Board members must be elected by the general meeting in accordance with the Company Act. At least one independent director with relevant business expertise must be appointed. Also, if multiple directors are from the same family, this must be disclosed in the annual report — promoting transparency and reducing nepotism.

3. Board Member Ineligibility

Individuals penalized under the Securities Act or those involved in blacklisted or non-operating companies are disqualified from serving. This prevents compromised individuals from influencing capital markets.

4. Duties and Responsibilities of the Board

Boards are responsible for enterprise risk management and ensuring good governance. They are encouraged to appoint competent chairs capable of leading with integrity and vision, particularly to safeguard small investors.

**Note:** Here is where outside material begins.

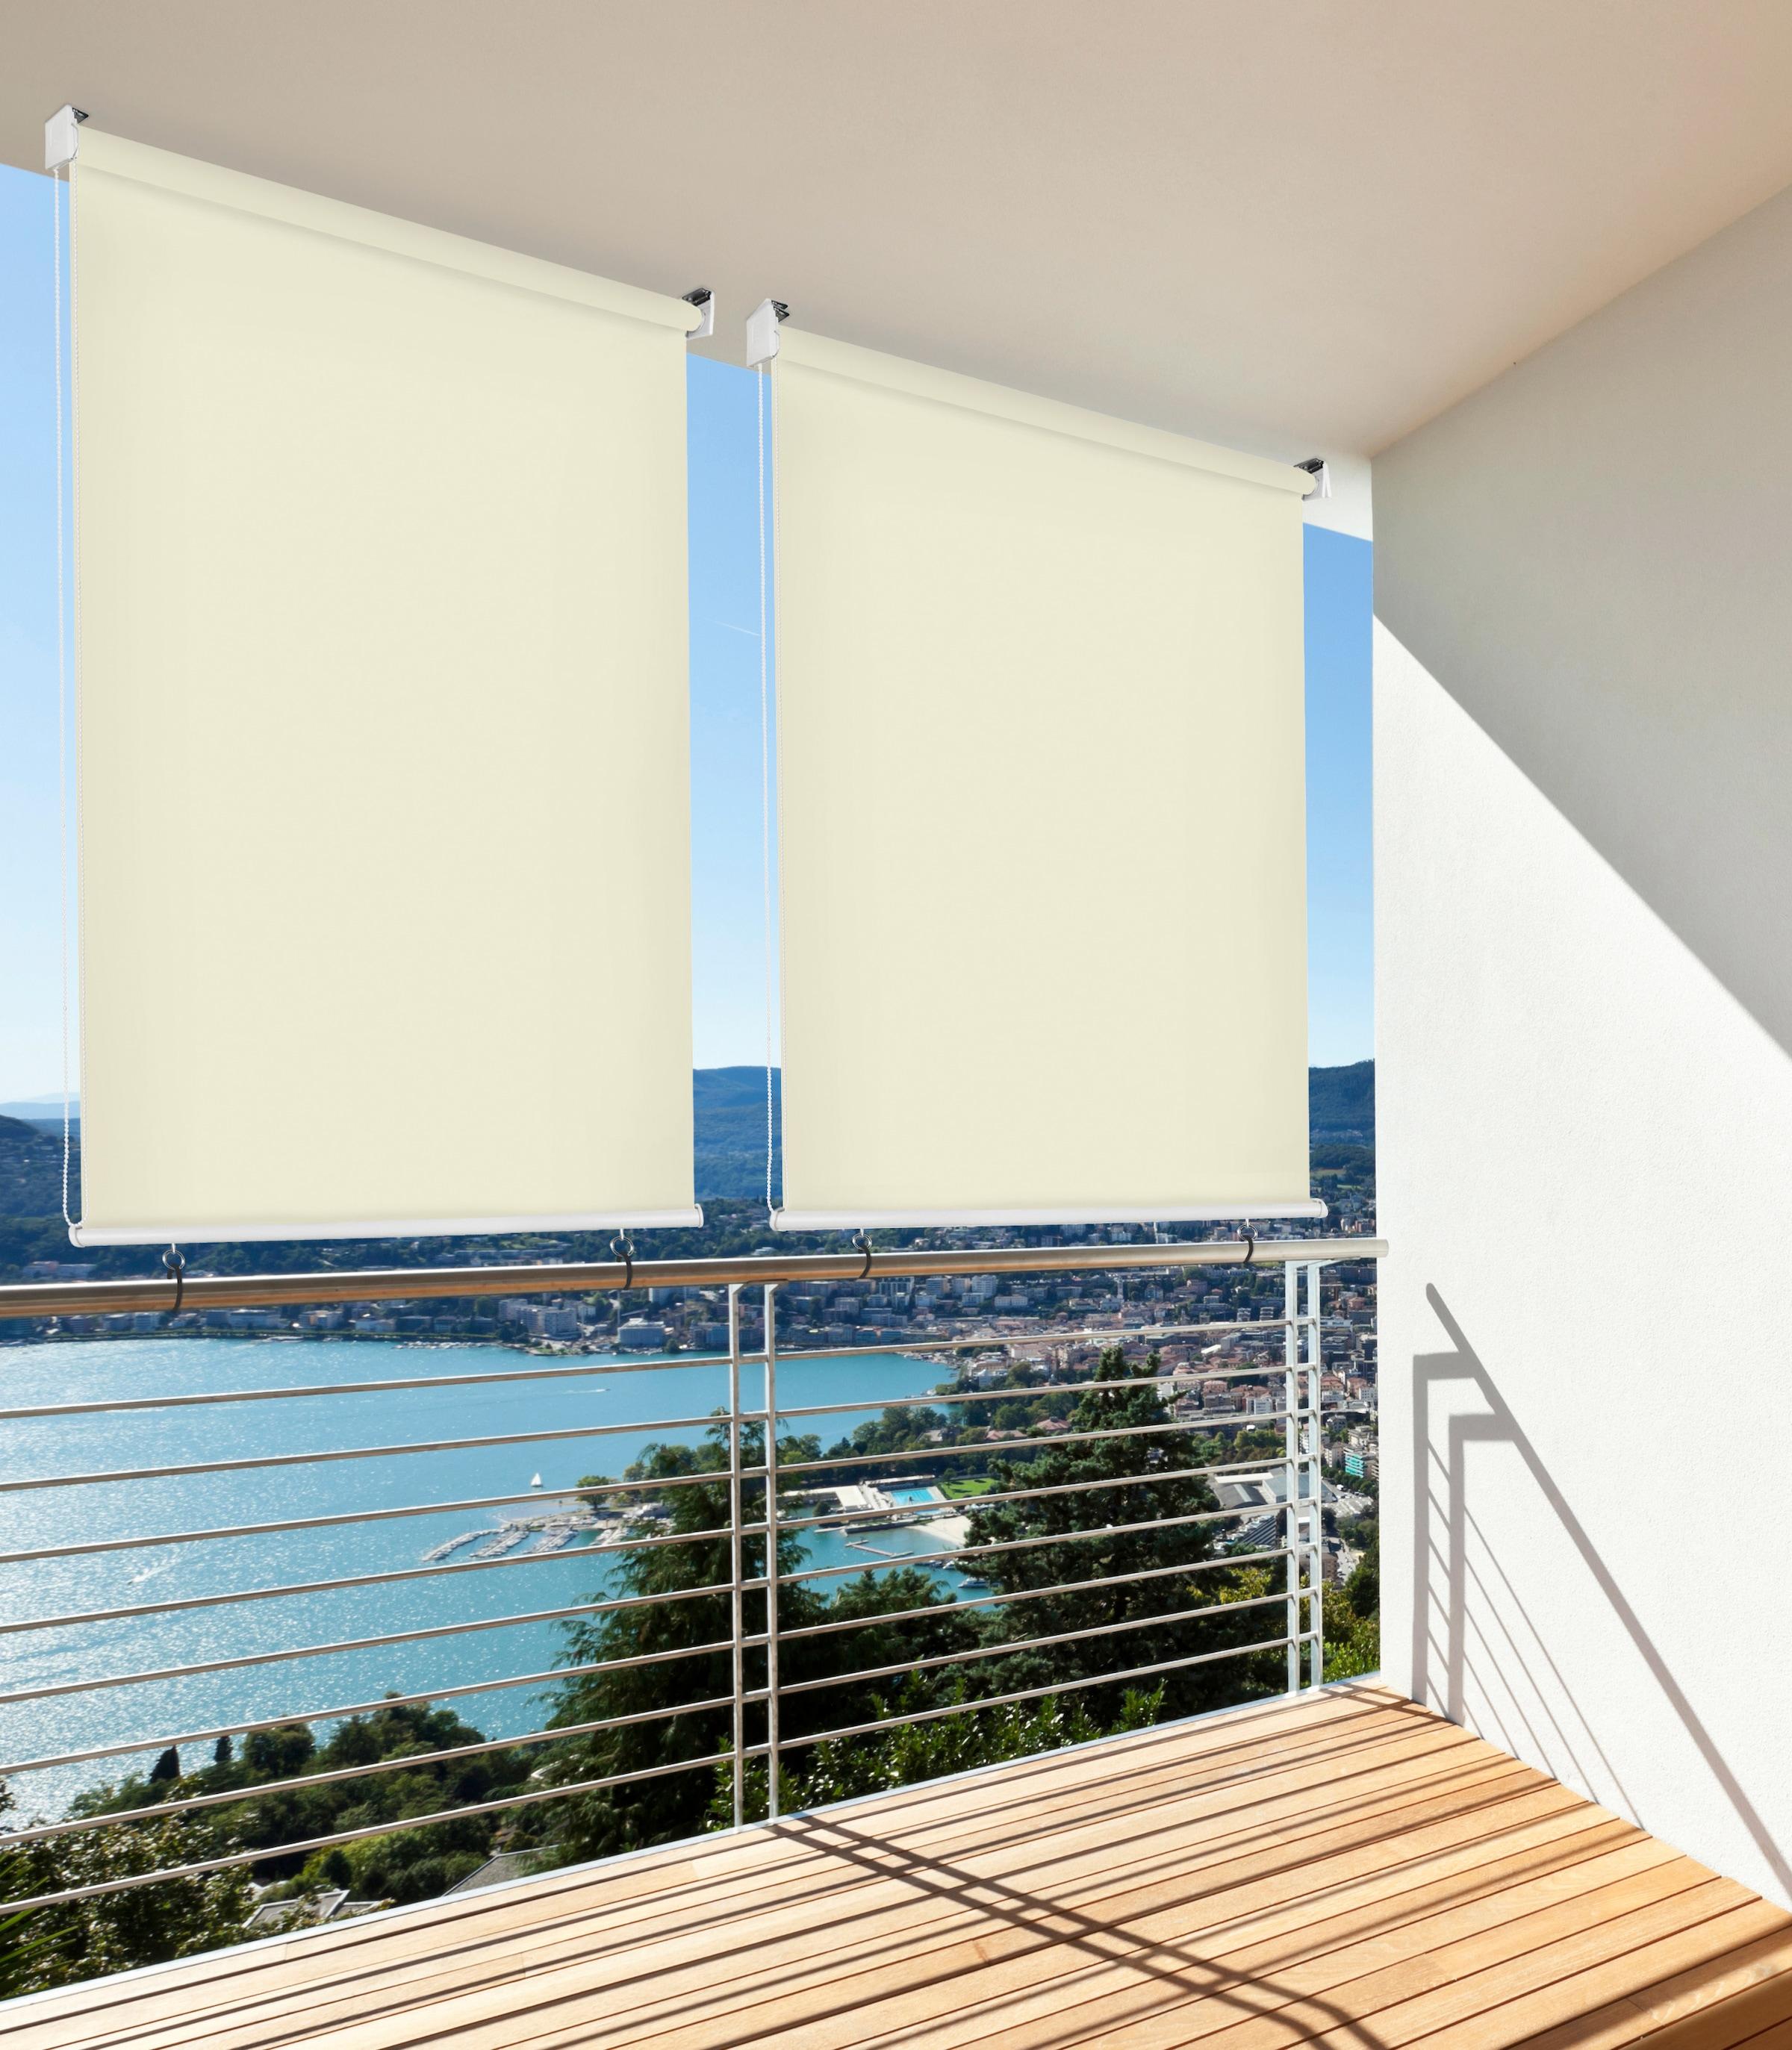 Garten Estexo Balkon Sichtschutz Balkonbespannung

5. Director Conduct and Conflict of Interest

Directors must disclose personal or family dealings related to contracts, shares, or ownership within 15 days of appointment. Engaging in self-dealing or financial conflicts is strictly prohibited.

6. Prohibited Practices

Directors or their relatives cannot lease property to or engage in transactions with the institution if a financial interest exists. Similarly, directors cannot simultaneously serve as auditors, agents, or intermediaries for any institution. These rules ensure institutional independence and integrity.

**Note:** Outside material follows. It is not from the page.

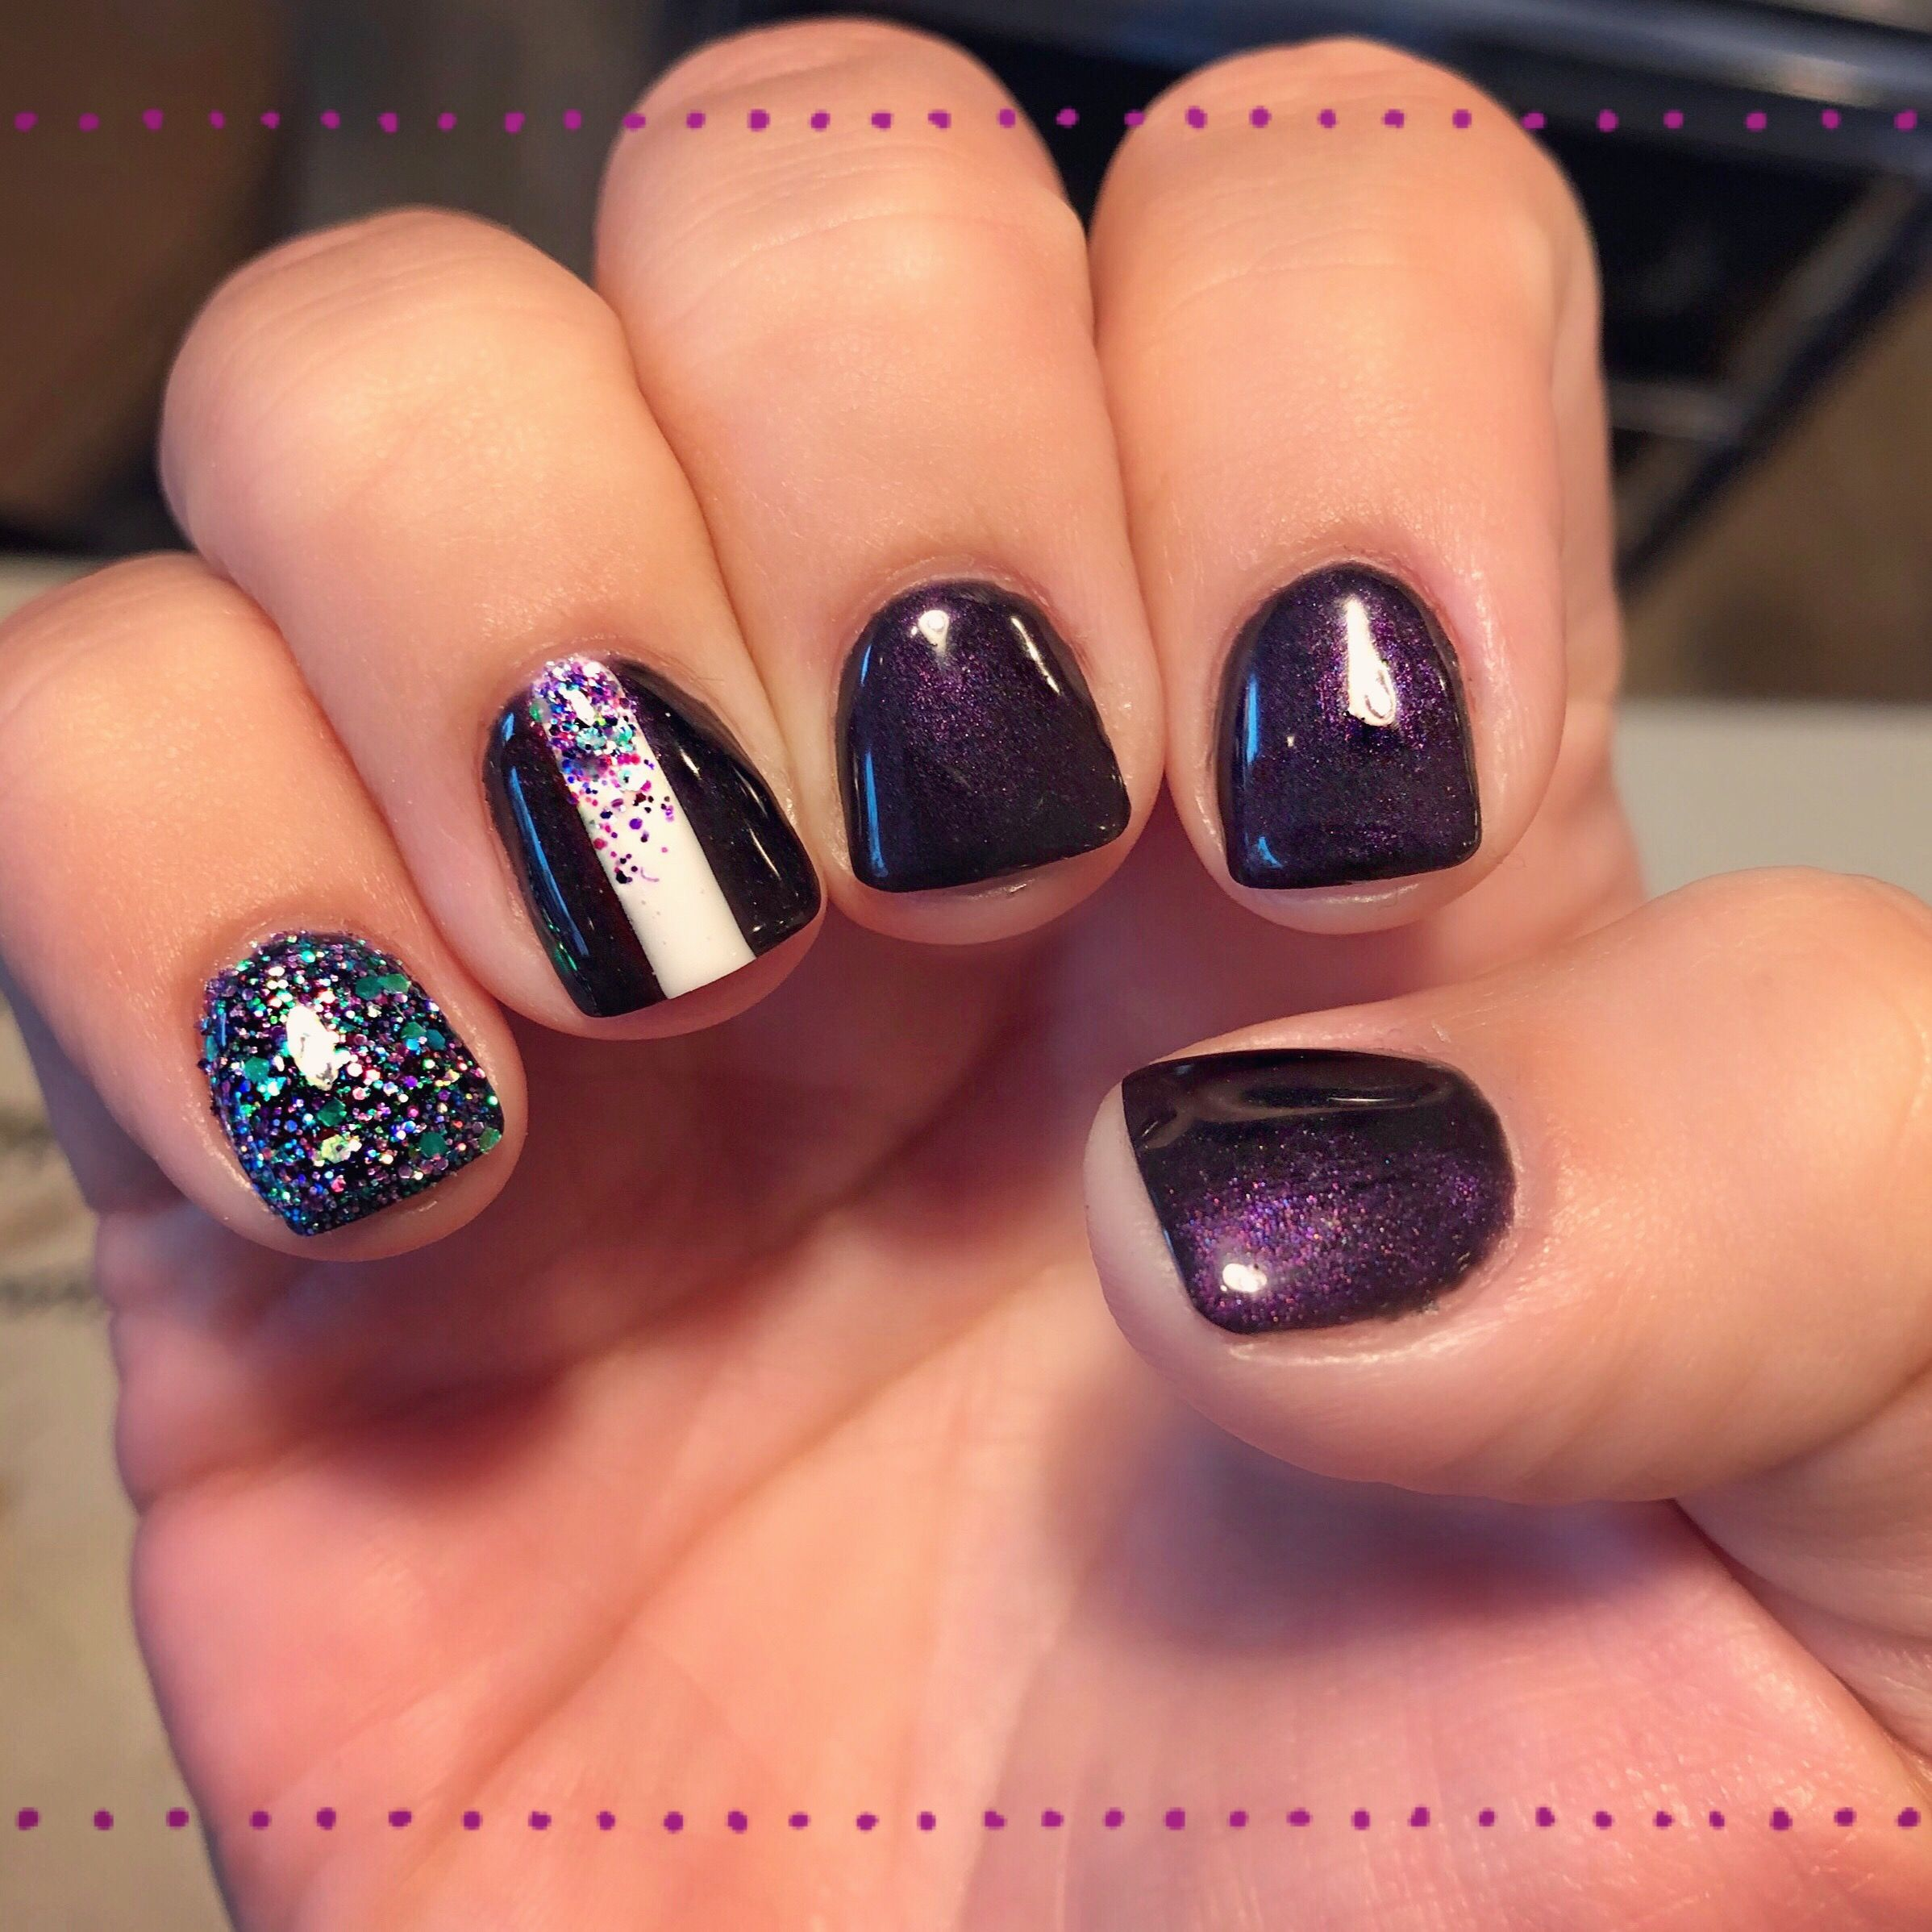 Dark purple glitter nail art gel manicure | Nail art | Pinterest ...

7. Risk Management and Internal Controls

Every listed entity must form a risk management committee with independent directors involved in strategic oversight. Internal control mechanisms must address fraud prevention, conflict of interest, and misuse of authority.

8. Compliance Officer Appointment

A compliance officer with at least a bachelor’s degree in management, law, or commerce and three years of experience must ensure timely adherence to laws and directives. The officer’s report must be included in the annual audit for external validation.

9. Audit Committee Formation

A three-member independent audit committee, including a representative of public shareholders, must oversee all financial records and accounting policies to uphold financial integrity and protect investor interests.

10. Restricted Activities for Listed Companies

Listed entities are prohibited from engaging in financial transactions or partnerships with insiders having vested interests. They also cannot operate unauthorized or off-the-books assets. These provisions aim to curb corruption and preserve asset transparency.

The Institutional Governance Guidelines, 2074 serve as a comprehensive legal and ethical framework for all listed companies in Nepal. If effectively enforced, this guideline could revolutionize corporate culture in Nepal, enhancing trust in the capital market, protecting small investors, and attracting foreign investments. However, the effectiveness will depend largely on strict implementation and regular compliance audits by SEBON.